[Dnsmasq-discuss] DNSSEC in dnsmasq's parent zone
Uwe Kleine-König
uwe+dnsmasq at kleine-koenig.org
Sat Jan 18 21:56:35 UTC 2025
Hello Simon,
On 1/18/25 16:06, Simon Kelley wrote:
> I'm having a little difficulty understanding exactly what's going on in
> your description, but I think I understand the underlying problem, and
> I've demonstrated it and fixed it here, so I'm hoping it will fix your
> case too.
>
> What causes the problem is that when dnsmasq gets a query in forwarder
> mode for a zone which it's authoritative for, it answers the query
> itself instead of forwarding it.
>
> The alternative to that is to forward the query to the configured
> upstream recursor, which will recurse and ask dnsmasq in authoritative
> mode. The recursor will then return the answer to dnsmasq acting as
> forwarder and the answer will get returned to the original requestor.
> That gives the correct answer, but uses more bandwidth and takes longer,
> so answering directly is the right thing to do; almost always.
>
> The problem arises when the parent of the delegated zone is DNSSEC
> signed and the client is doing DNSSEC validation, as delv does in your
> example. We can assume that the delegated zone is NOT signed, since
> dnsmasq doesn't provide facilities for DNSSEC in auth mode.
>
> For explanation, assume that the parent zone is example.com, and
> dnsmasq.example.com is delegated to dnsmasq with a suitable NS record.
>
> delv will work down the chain of trust, starting at the root, and get as
> far as example.com is gets to the delegation to dnsmasq.example.com,
> notes it's a new zone, and therefore asks for a DS record for
> dnsmasq.example.com. dnsmasq.example.com is not signed, so what it gets
> is a signed proof that the DS record for dnsmasq.example.com doesn't
> exist. It can now return data from dnsmasq.example.com which is not
> DNSSEC signed, no problem. The DNSSEC standard specifies that DS records
> comes from the parent auth server, so the recursor will ask the auth
> server for the example.com domain for the DS record for
> dnsmasq.example.com, and that is able to provide the signed proof of
> non-existence.
>
> The above works fine with any recursive server, but not via dnsmasq as a
> forwarder when dnsmasq is also authoritative. The reason is that when
> dnsmasq gets the query for DS dnsmasq.example.com, it notes that it is
> authoritative for dnsmasq.example.com and returns the answer directly.

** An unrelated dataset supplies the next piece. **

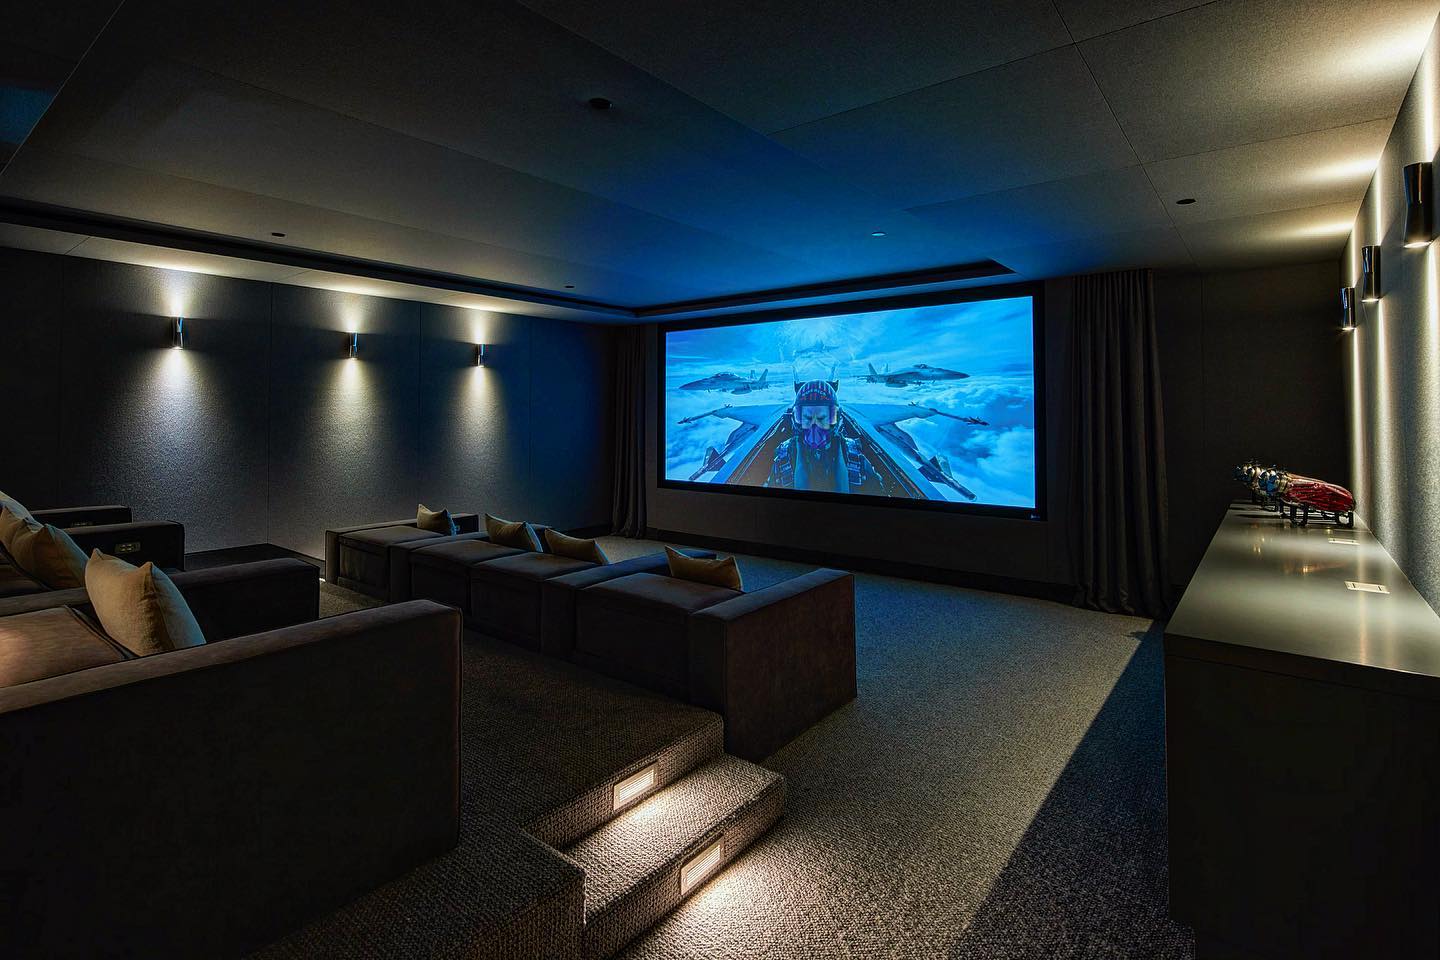 Acoustically, engineered and completely soundproof, this room floats. A proper media room that doesn’t touch the actual structure is the only way to go. Perforated screen laser projector and 32 pairs of speakers. This just might blow your skirt up. #scottgillendesign #private #guardgatedcommunity #thecase #midcenturymodern #estates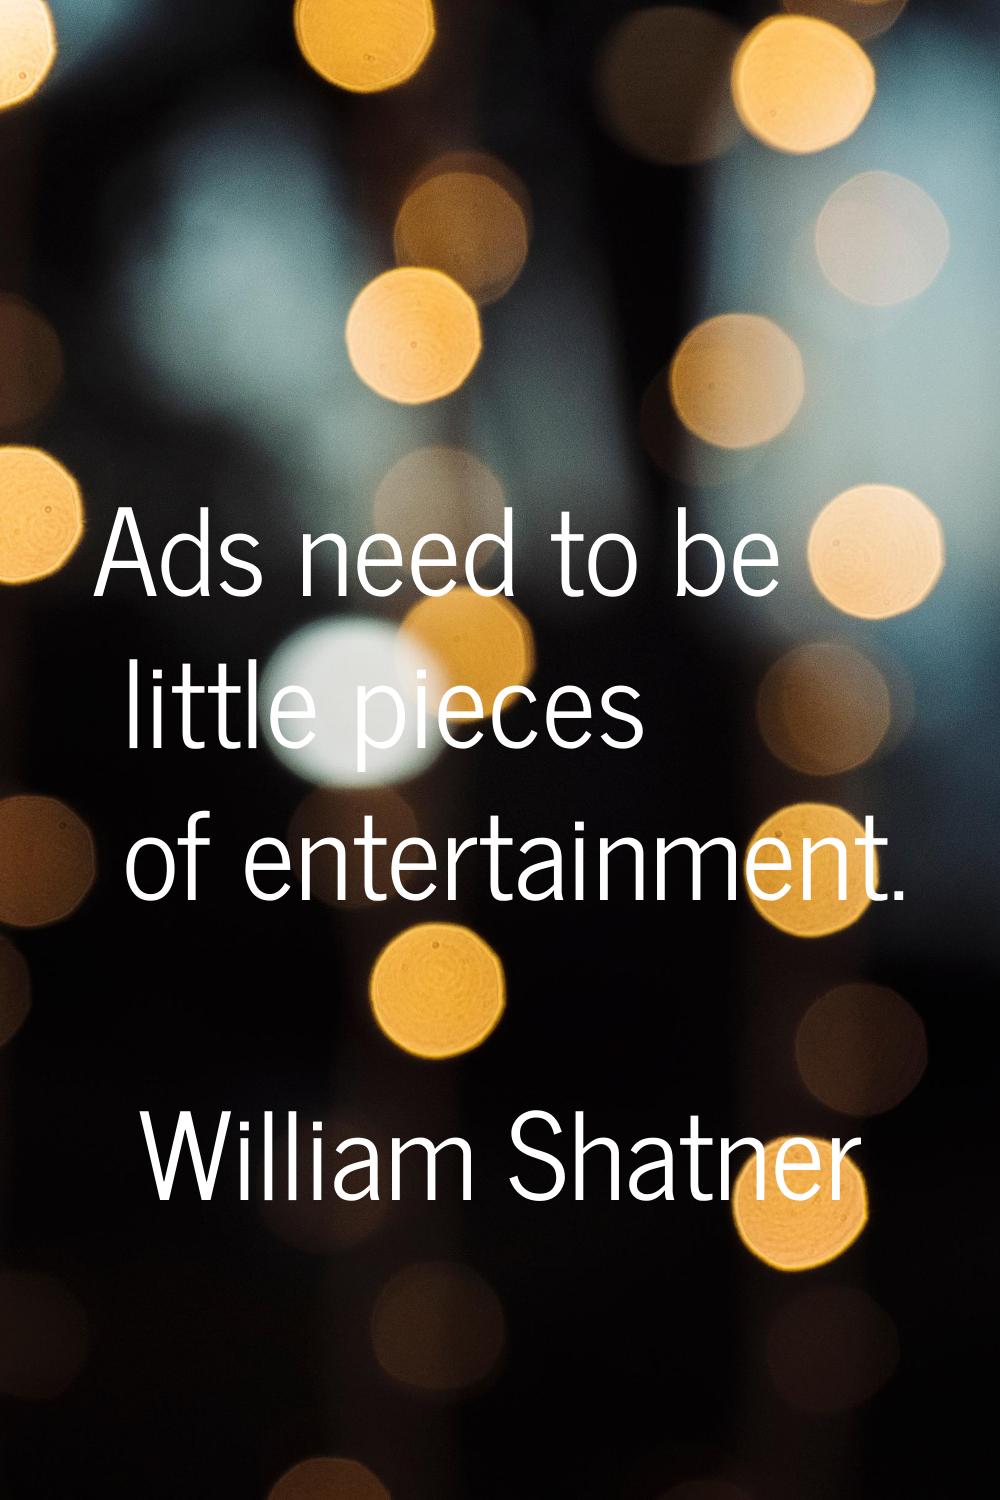 Ads need to be little pieces of entertainment.

> Since there's no DS record in it's data for the zone, it answers that
> the DS record doesn't exist, which is fine, but it can't provide
> cryptographic proof of non-existence. Delv can't prove that the the
> subdmomain is not signed, but there are no signatures. It does the right
> thing, and complains.
>
> The fix for this is very simple: suppress answering queries for auth
> zones locally when the query is for root of the zone AND for a DS
> record. Now DS dnsmasq.example.com gets forwarded to the recursor, which
> asks the auth server for example.com, which has the correct DNSSEC
> signed "DS dnsmasq.example.com" does not exist answer. dnsmsq acting as
> forwarder returns that to delv and all is good.
>
> I've pushed a patch to the git repo to do exactly that at
>
> https://thekelleys.org.uk/gitweb/?
> p=dnsmasq.git;a=commit;h=8ce27433f8b2e17c557cb55e4f16941d309deeac
>
> if you can get that code into you setup and try again, I'd be very
> grateful.
It seems you interpreted the gaps in my report correctly. I'm not sure
forwarding just the request to DS is sufficient, I would expect you also
need to forward NS (or answer that from the --auth-server parameter?)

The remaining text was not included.